Differential Privacy for the Analyst via Private Equilibrium Computation

Differential Privacy for the Analyst via Private Equilibrium Computation

We give new mechanisms for answering exponentially many queries from multiple analysts on a private database, while protecting differential privacy both for the individuals in the database and for the analysts. That is, our mechanism’s answer to each query is nearly insensitive to changes in the queries asked by other analysts. Our mechanism is the first to offer differential privacy on the joint distribution over analysts’ answers, providing privacy for data analysts even if the other data analysts collude or register multiple accounts. In some settings, we are able to achieve nearly optimal error rates (even compared to mechanisms which do not offer analyst privacy), and we are able to extend our techniques to handle non-linear queries. Our analysis is based on a novel view of the private query-release problem as a two-player zero-sum game, which may be of independent interest.


💡 Research Summary

The paper introduces a novel notion of “analyst privacy” within the differential privacy framework and provides mechanisms that simultaneously protect the privacy of individuals in a database and the privacy of the analysts who issue queries. Traditional differential privacy focuses solely on safeguarding the data subjects, assuming that the queries themselves are public or that analysts do not need protection. In many real‑world scenarios—such as multiple companies querying a shared data repository or researchers collaborating across institutions—analysts may wish to keep their query sets confidential, either to protect proprietary research directions or to prevent adversarial inference about their interests. The authors formalize this requirement by demanding that the distribution over answers be (ε,δ)‑differentially private not only with respect to changes in the underlying database but also with respect to changes in the set of queries submitted by any single analyst. In other words, the answer to any query should be nearly insensitive to the presence or absence of other analysts’ queries, even if those analysts collude or create multiple accounts.

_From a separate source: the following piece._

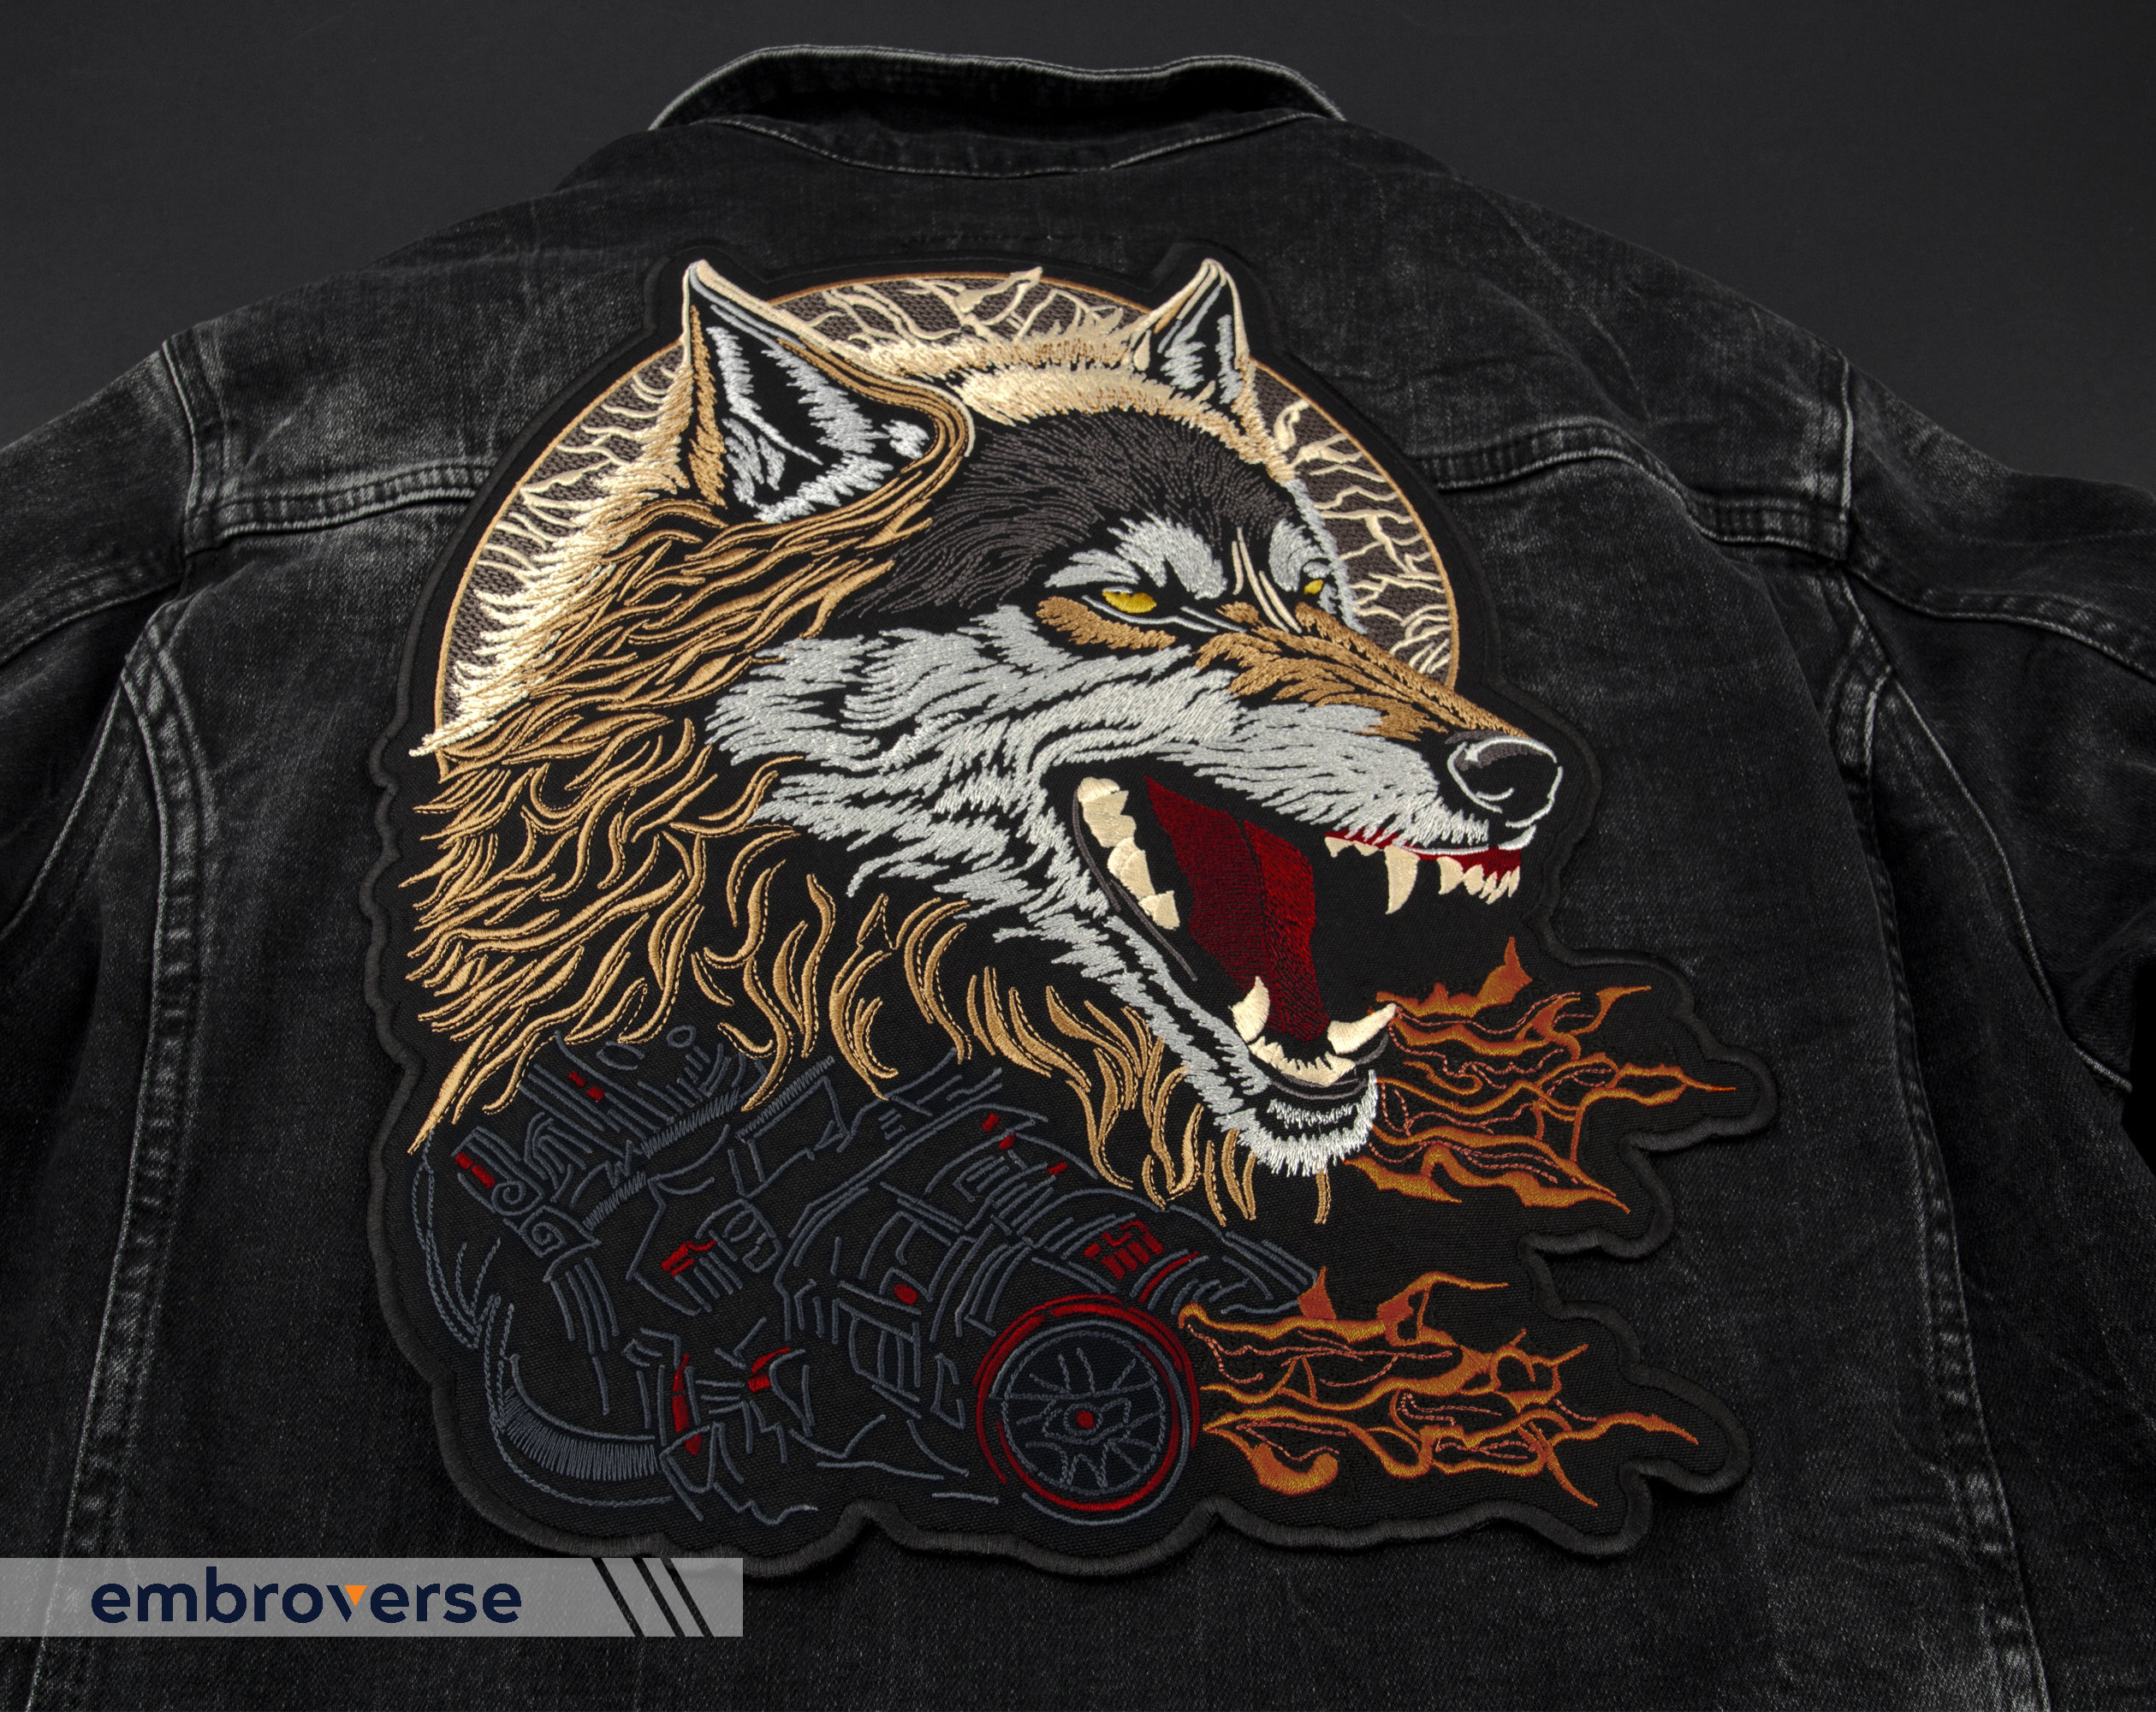 Lone Wolf Embroidered Patch, Biker Patches, Size: 3.9 x 3.9 inches

To achieve this, the authors recast the private query‑release problem as a two‑player zero‑sum game. One player, the “Database Owner,” controls the private data and seeks to answer queries as accurately as possible while respecting a global privacy budget. The other player, the “Querier,” represents the collection of analysts and aims to extract useful information while minimizing the leakage of its own query pattern to the opponent. The equilibrium of this game corresponds to a state where neither side can improve its objective without violating the privacy constraints. The authors call such a state a “private equilibrium.”

The core technical contribution is an algorithm that approximates this private equilibrium using a privacy‑preserving version of Lagrangian descent combined with a minimax optimization loop. The algorithm proceeds in rounds. In each round a “query cover” is constructed: a small set of representative queries that approximates the entire query space, thereby reducing computational complexity. Then, carefully calibrated noise (derived from the privacy budget ε) is injected directly into the game’s payoff function rather than added post‑hoc to each answer. This noise ensures that the cumulative privacy loss across rounds remains bounded by the desired (ε,δ) guarantee. The Lagrangian multiplier updates correspond to the Database Owner adjusting its answers, while the Querier updates its strategy to select queries that are most informative under the current noise‑perturbed payoff. The iterative process converges to an approximate private equilibrium.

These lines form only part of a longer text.